Candidly, while I understand the need for some amount of redundancy, I'm curious what this level of redundancy adds in terms of complexity to the system of a whole and whether or not that complexity-add almost outweighs the higher redundancy. I'm sure NASA has calculated the trade off, but I'd be curious to see the thoughts behind that.
I feel in a similar vein when learning of certain aircraft accidents over the years, where it feels like the redundancy of certain systems and the complexity it adds has been the indirect cause of accidents instead of preventing them. I suppose there's not really a way to quantify the accidents that it's prevent to be able to compare them directly.
There’s an obvious example of this with twin-engine airplanes. Having two engines obviously makes you a lot safer since you still have power if one fails. But dealing with an engine failure takes some skill, and your probability of experiencing a failure doubles. Airlines train their pilots to handle it, but if you’re a more casual pilot and you’re flying a twin, you have to be careful to ensure it’s actually making you safer.
Two engines also give you a lot more options for control surface failures. It's objectively safer and why all commercial airliners are (at least) two engine. But it does require more training for the pilot.
> Orion utilizes two Vehicle Management Computers, each containing two Flight Control Modules, for a total of four FCMs. But the redundancy goes even deeper: each FCM consists of a self-checking pair of processors.
Who sits down and determines that 8 is the correct number? Why not 4? Or 2? Or 16 or 32?
They probably set an acceptable total loss rate for the mission and worked backwards to determine how many replicas of each system they need to achieve that while minimizing total cost/weight.
So the answer is "some engineers sat down after talking to management".
Eight shall be the number thou shalt count, and the number of the counting shall be eight. Nine shalt thou not count, neither count thou seven, excepting that thou then proceed to eight.
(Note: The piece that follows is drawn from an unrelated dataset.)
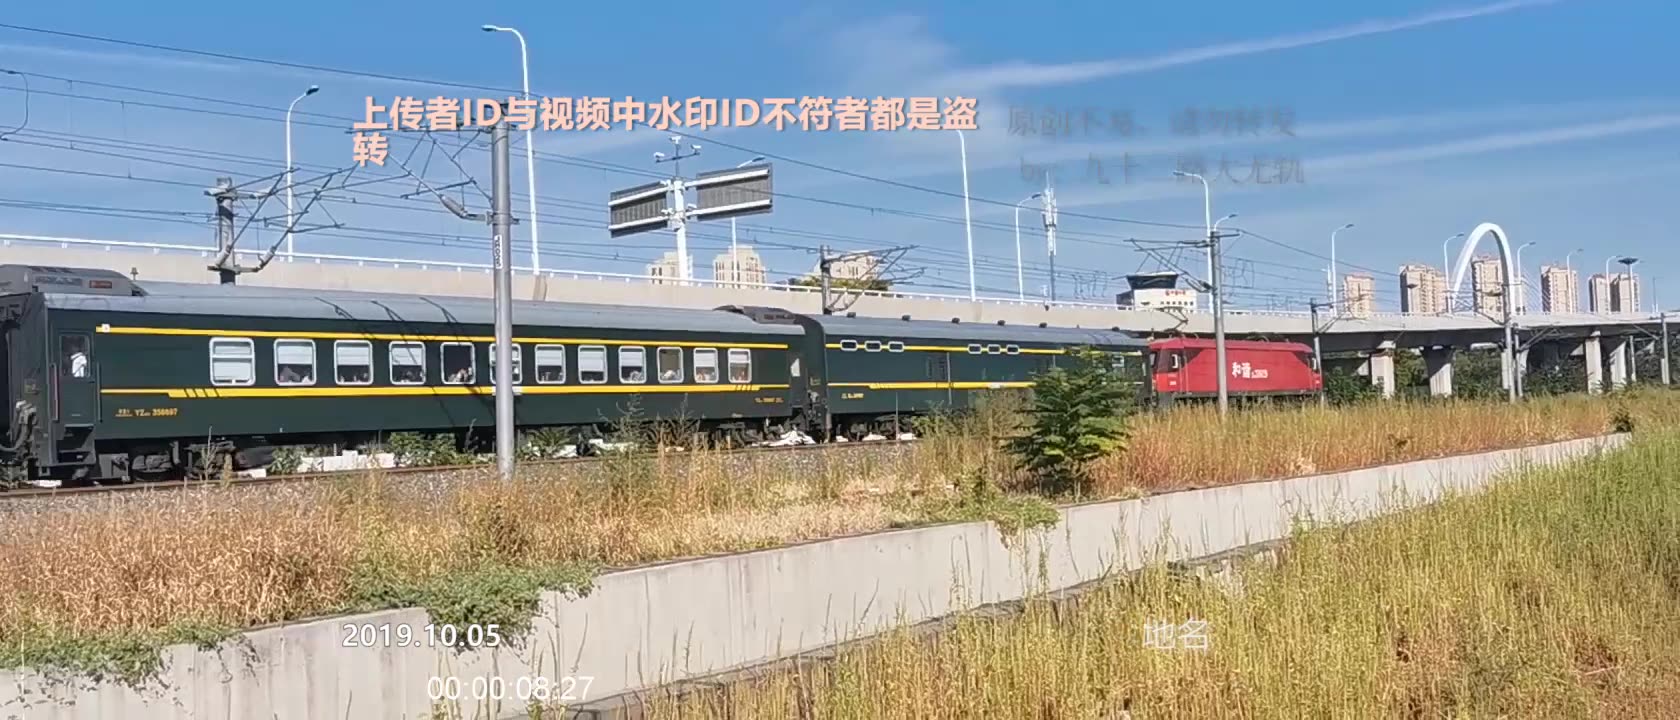 上海开来的1228次火车,从天津西站发车后,开往

The fault tolerance is mostly focused on background radiation flipping bits. We've got half a century of data on the frequency of those upsets and the extent to which they're correlated under different space conditions for that, not to mention the ability to irradiate prototypes of the flight computer with representative amounts of shielding in ground based facilities...
For issues that have never occurred before, probabilities are the wrong tool. The right thing to do is list all the behaviour the vehicle must never exhibit and think of ways it still might, despite all redundancies -- maybe even despite every single component working as intended.
Lots of mission failures in history were caused by unexpected interactions between fully functional components. Probabilities of failures don't help with that.
And why you test till failure (ideally under real/similar conditions): to surface the failures that have never occurred before, and start collecting data on them.
Once you've lost more than ~2 processors, you're probably into the realm of common mode failures and voting won't save you. At that point, it's entirely possible you're just working with random data coming out of all your processors.
Not just CPUs, they run a whole different (but also simpler) fallback program in case the main computers fail. I think they were more worried about programming errors but this should avoid all shared failures between the main computers (be it programming or hardware).
Even if different teams write software in different languages, they end up creating very similar bugs because the bugs crop up in the complexities of the domain and insufficiencies of the specification.
N-version programming doesn't work as well as you think. See Knight and Leveson (1986).
(N-version programming does guard against "random" errors like typos or accidentally swapping parameters to a subroutine call. But so does a good test suite and a powerful compiler.)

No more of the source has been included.